_Data for this exercise_

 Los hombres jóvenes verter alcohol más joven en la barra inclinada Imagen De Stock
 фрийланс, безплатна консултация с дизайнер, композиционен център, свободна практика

---

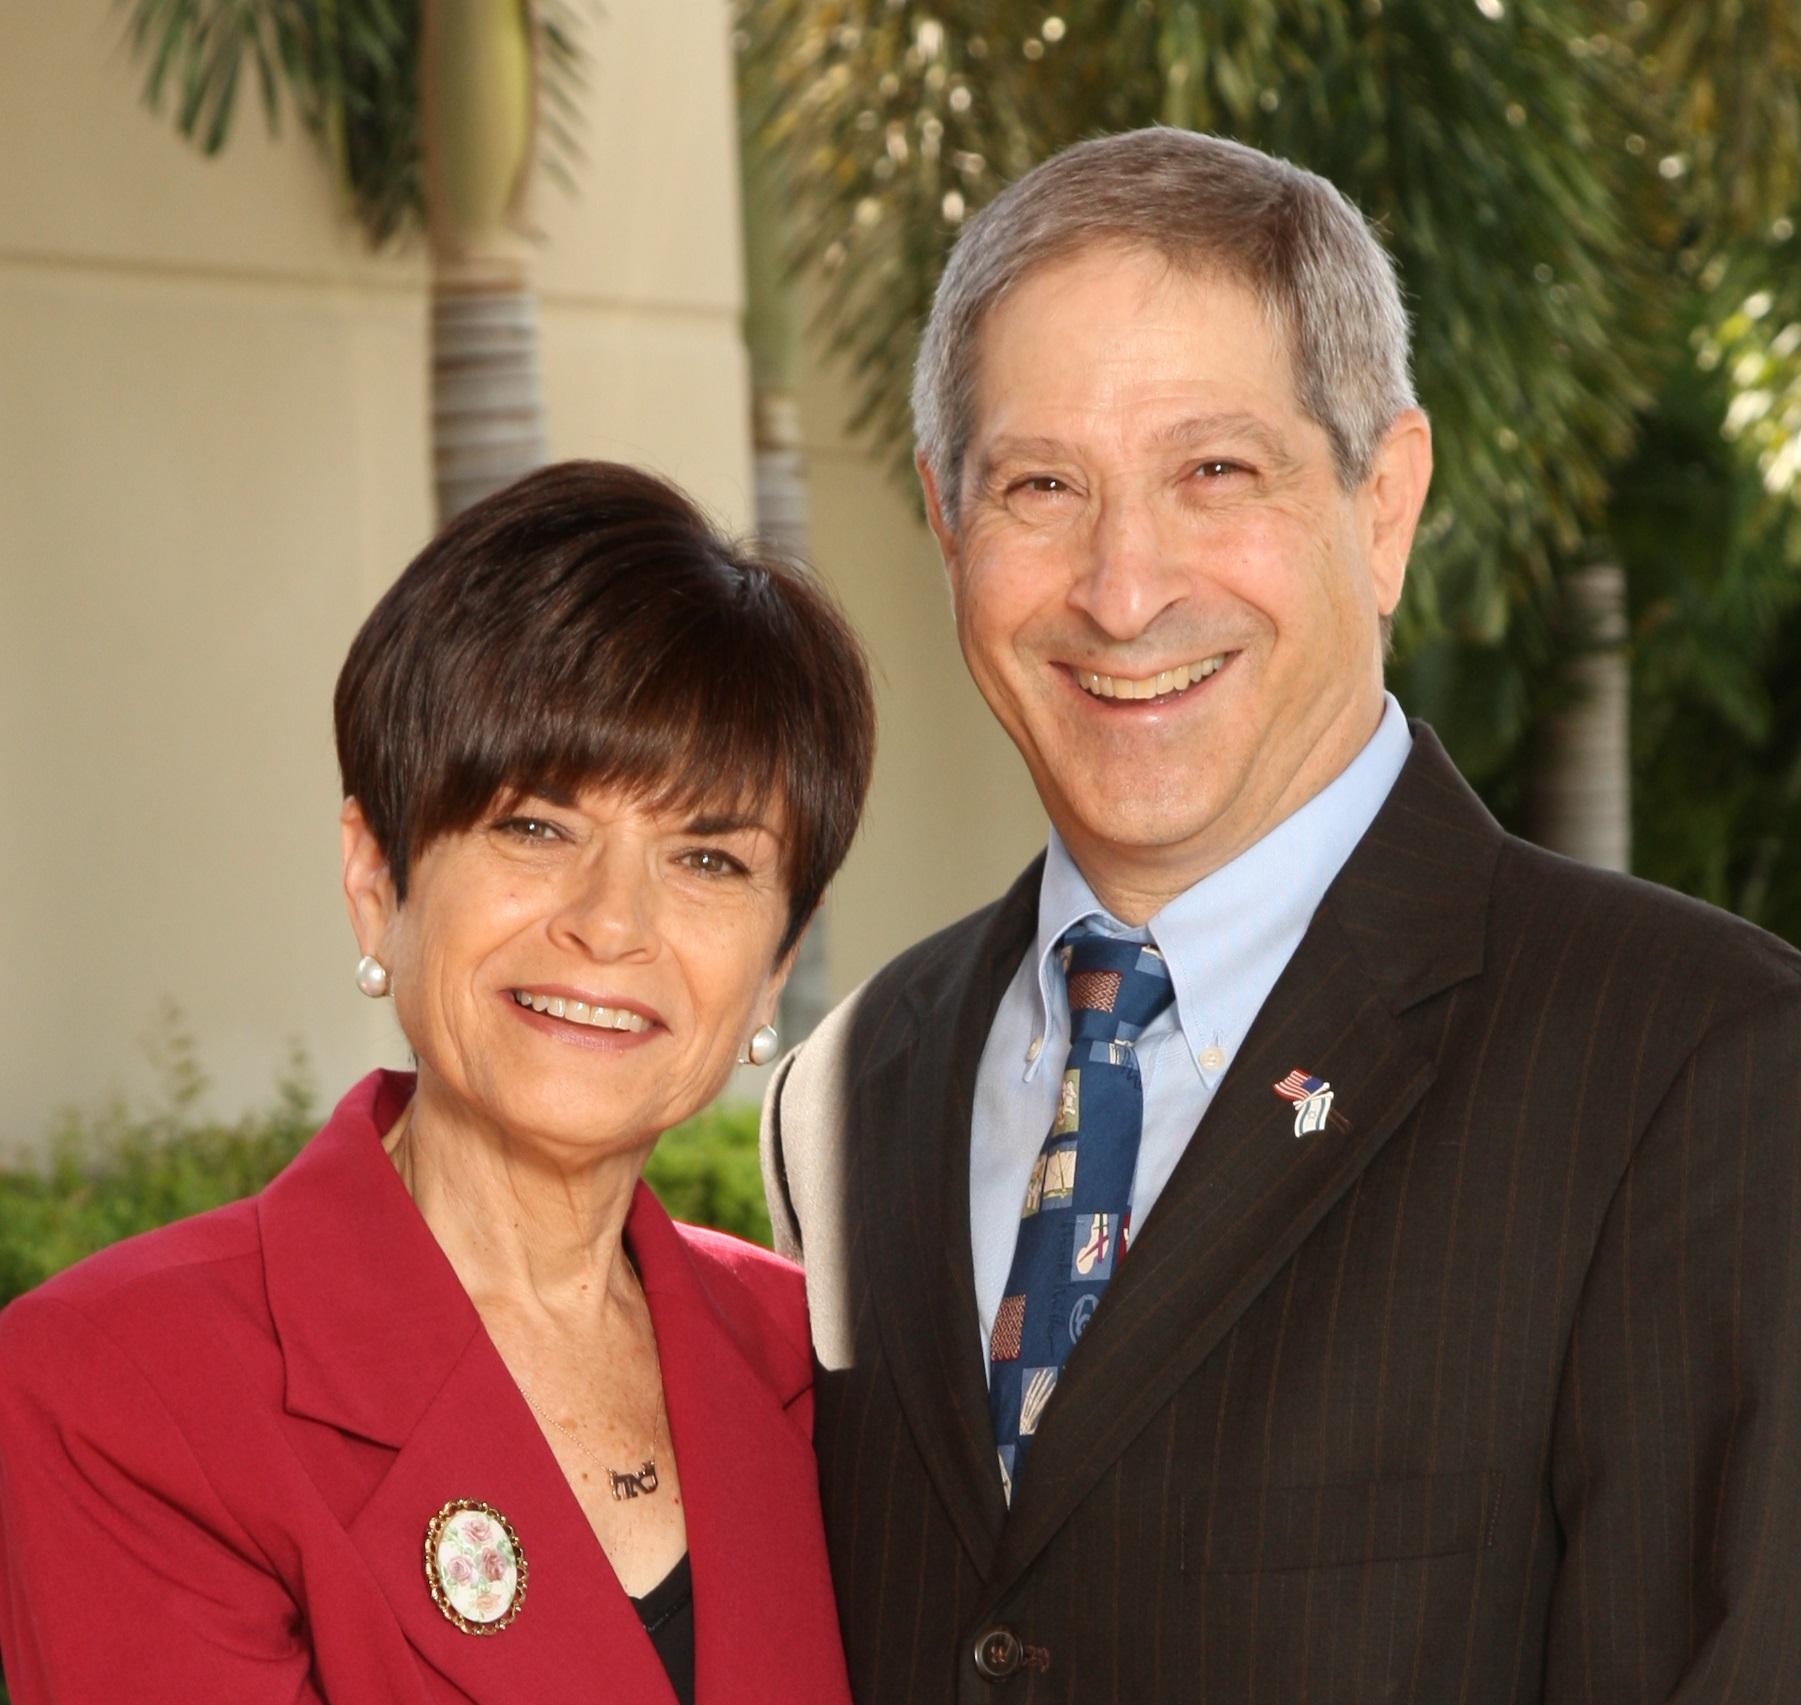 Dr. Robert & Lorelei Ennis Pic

_Task goal_
Reprint exactly the lines above that start at the one with "Los hombres jóvenes" and end at the one with "фрийланс, безплатна консултация", keeping both and adding none.

_Solution to the exercise_
 Los hombres jóvenes verter alcohol más joven en la barra inclinada Imagen De Stock
 фрийланс, безплатна консултация с дизайнер, композиционен център, свободна практика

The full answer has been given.